This letter to the editor was written in response to an op-ed published in The Province on May 6, 2014. The newspaper published this letter on May 9, 2014. The same op-ed and letter also appeared in The Record and The Guelph Mercury (May 9, 10 and 13, respectively).
By Paul Davidson, president of the Association of Universities and Colleges of Canada
Gwyn Morgan’s op-ed on Wednesday (Public investment in skills training pays big returns, ) is calling for something that is already happening: growth in the number of people pursuing skilled trades in Canada. Between 2000 and 2011, enrolment in apprenticeships more than doubled – more than twice the growth of university enrolment. Regrettably, according to Statistics Canada, completion rates for apprentices hover around 50 per cent. At the same time, university enrolment in Canada fell to 15th in the Organization for Economic Co-operation and Development.

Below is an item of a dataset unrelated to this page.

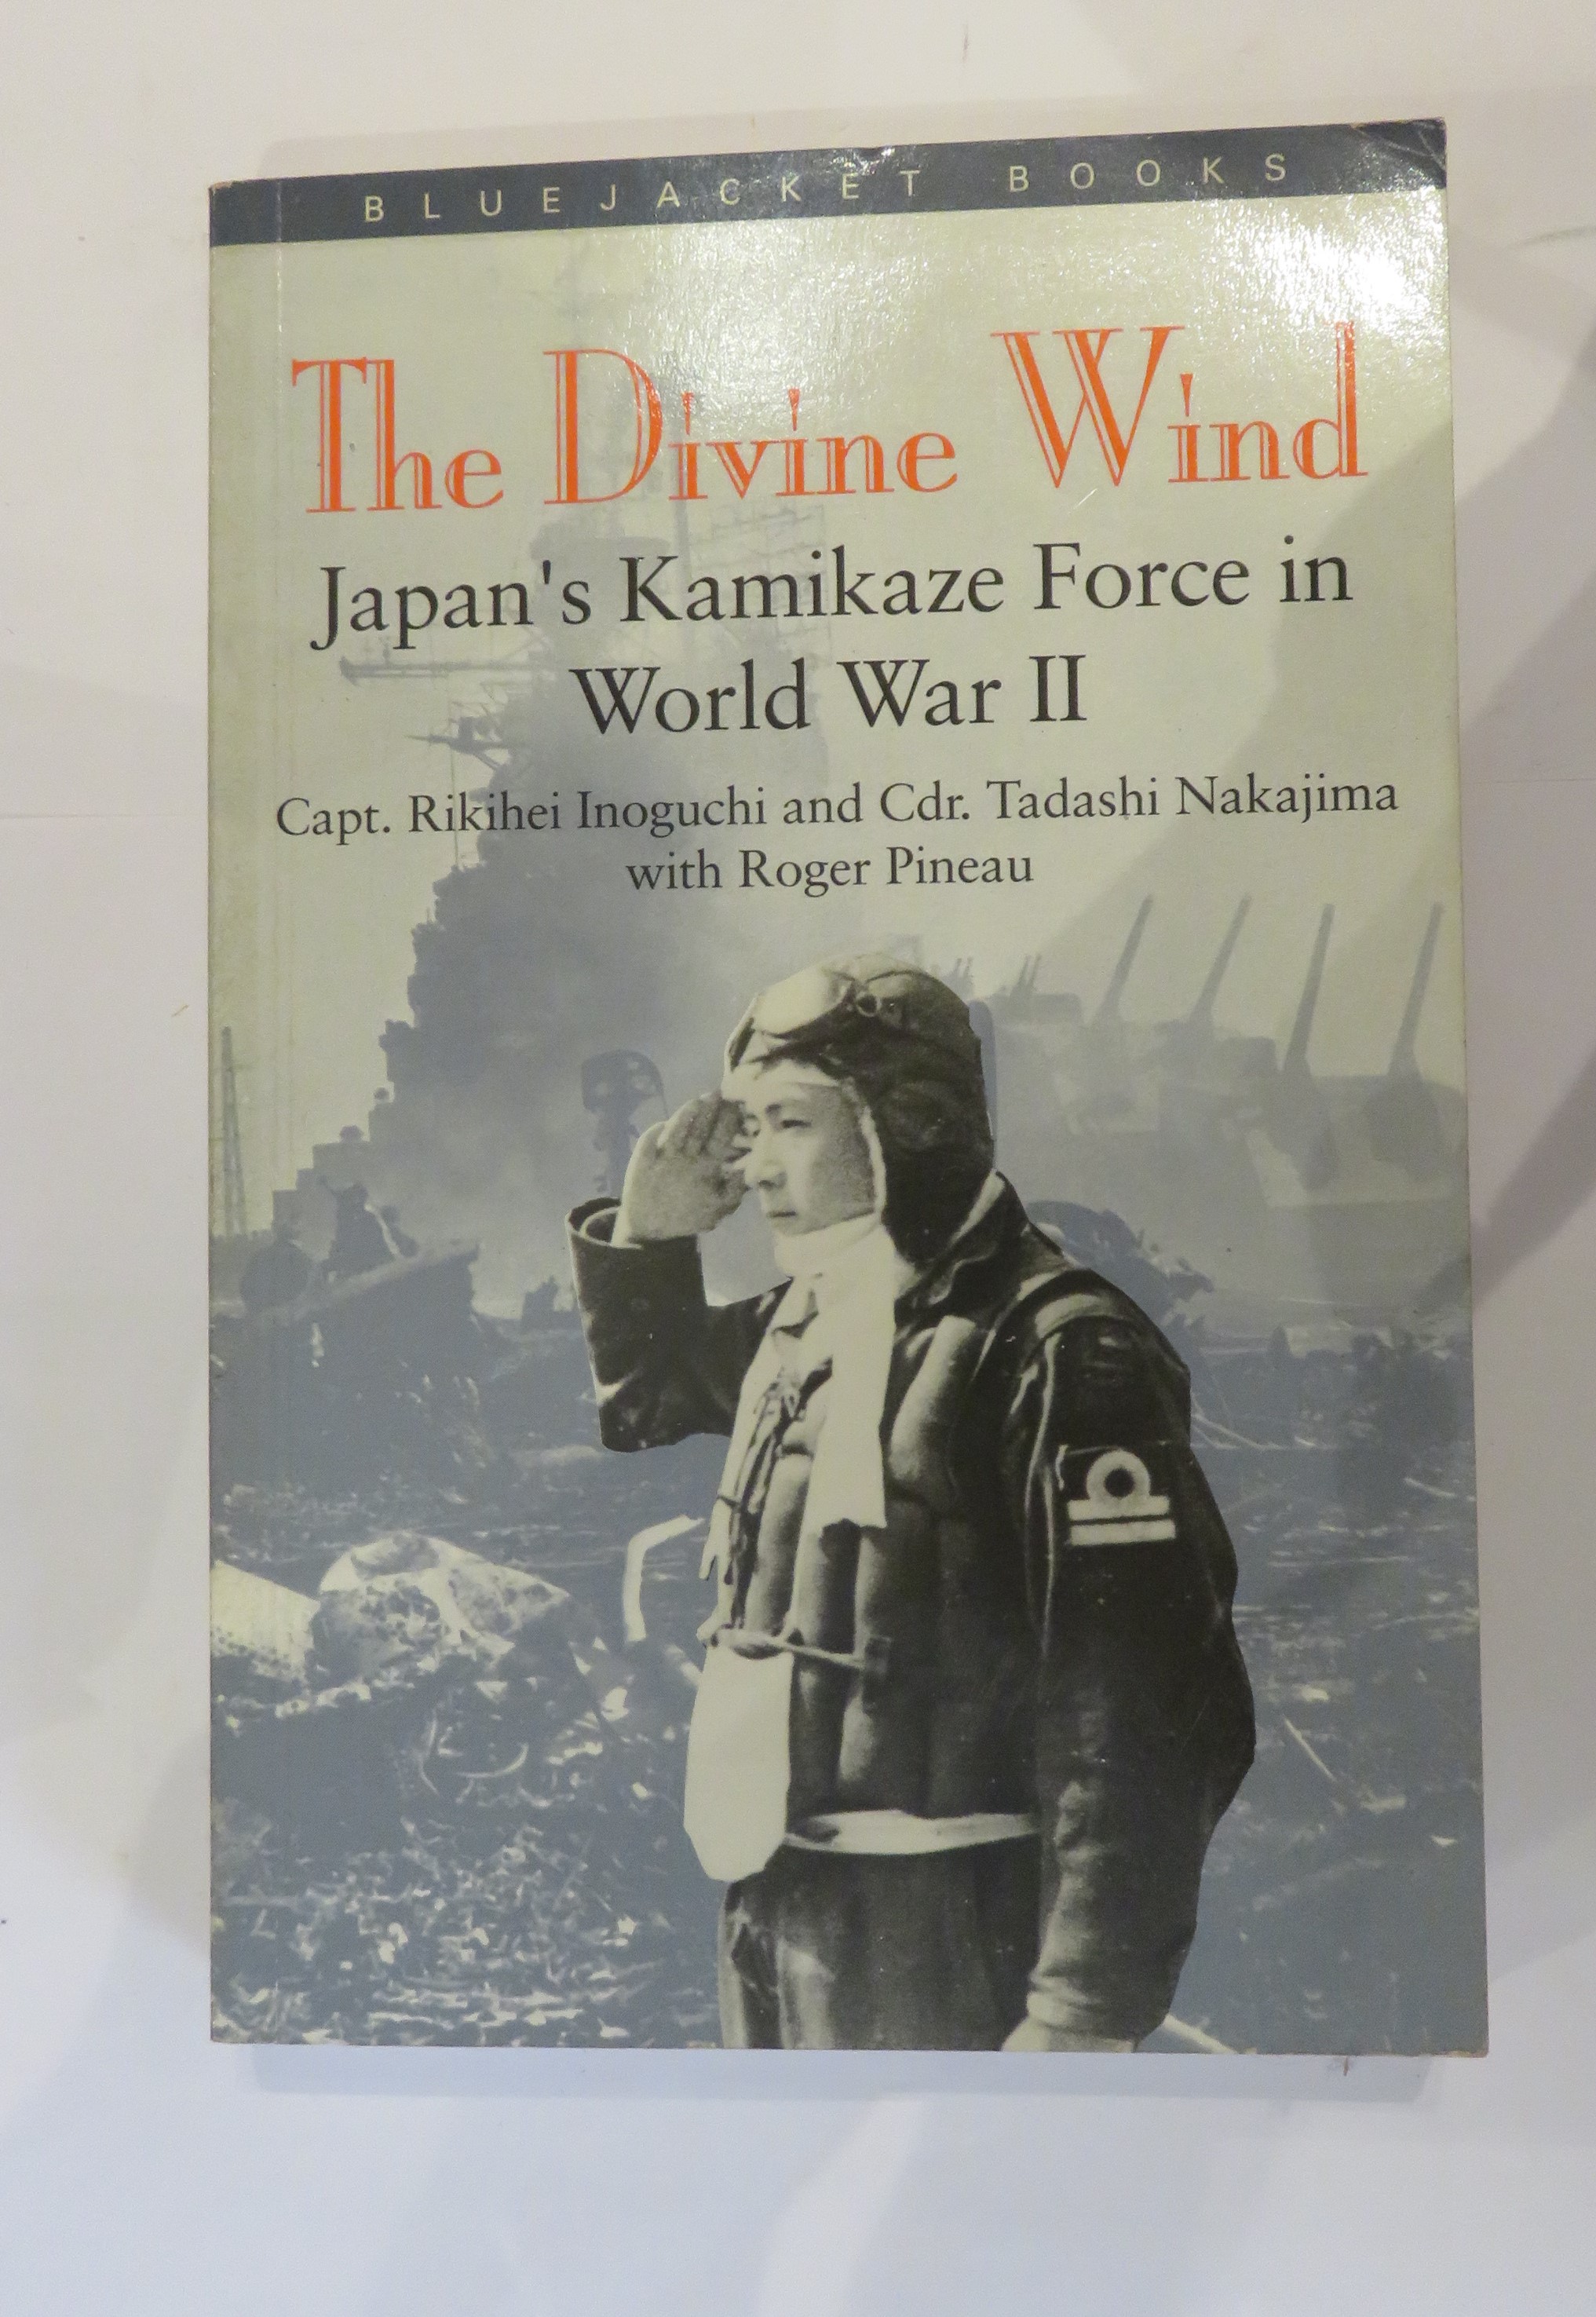 The Divine Wind: Japan's Kamikaze Force in World War II
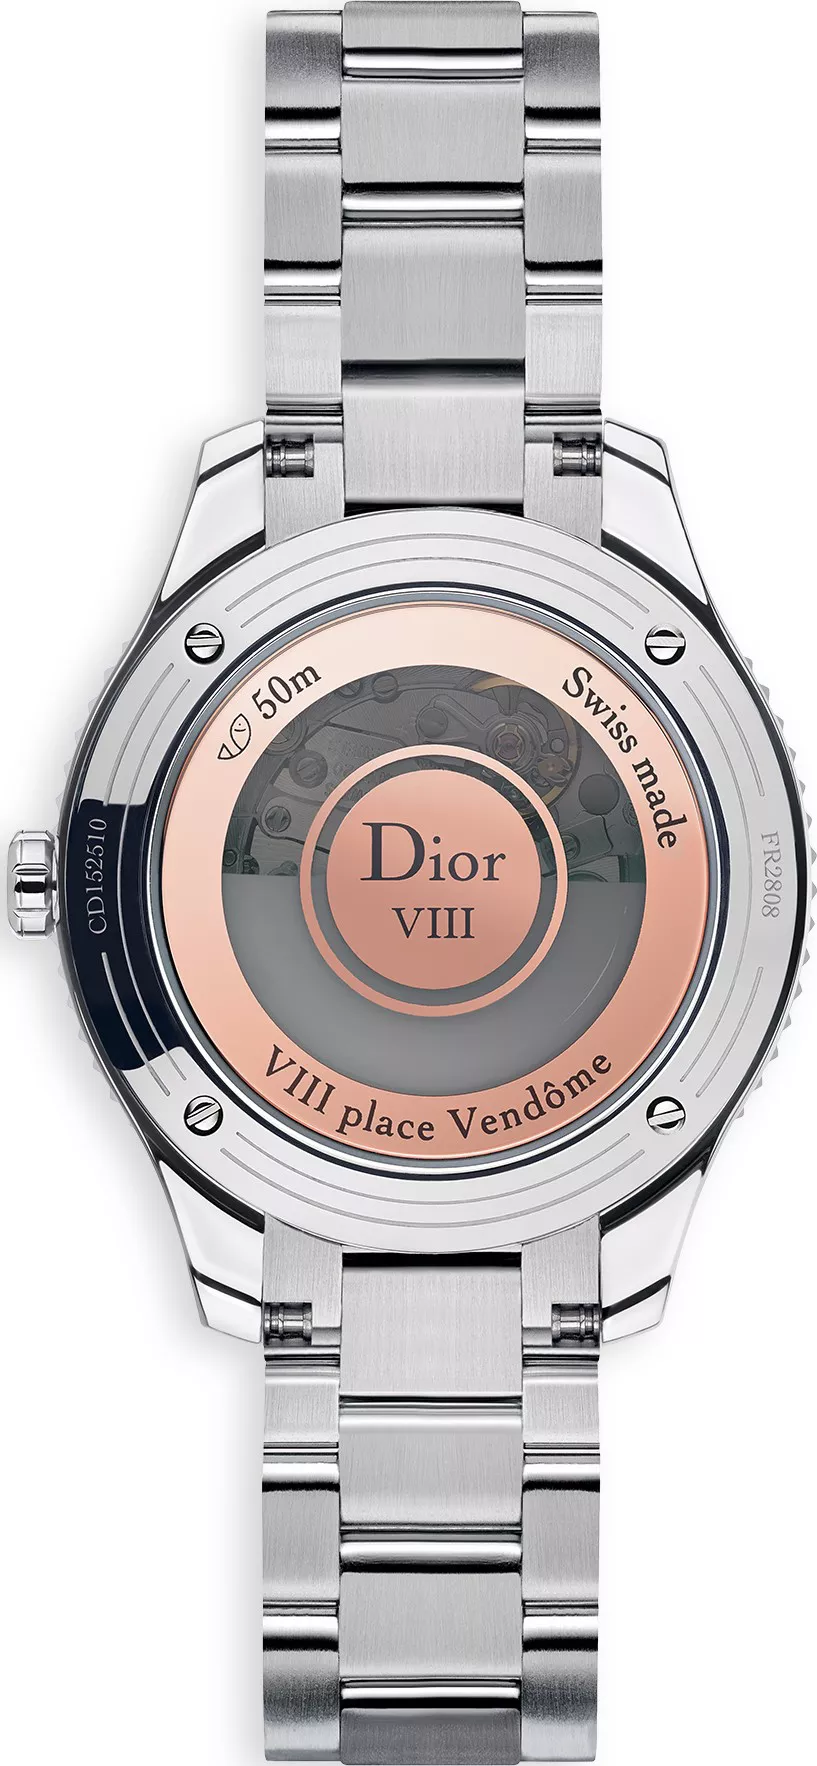 Christian Dior VIII Montaigne CD152510M001 Automatic Watch 32

Morgan also suggests that Canada emulate Germany’s system. But Canada already has 4.7 times more people in electrical apprenticeships and, on a per-capita basis, almost twice as many in mechanical trades than Germany. And apprentices in Germany cover a much wider array of occupations than in Canada; the largest numbers of apprentices in Germany are in fields such as retail sales, clerical workers and medical assistants.
Canada needs tradespeople, but also more university grads. Even in resource-rich Alberta, 56 per cent of net new jobs since 2008 have been university graduates, compared with 31 per cent for college grads and 18 per cent for trades.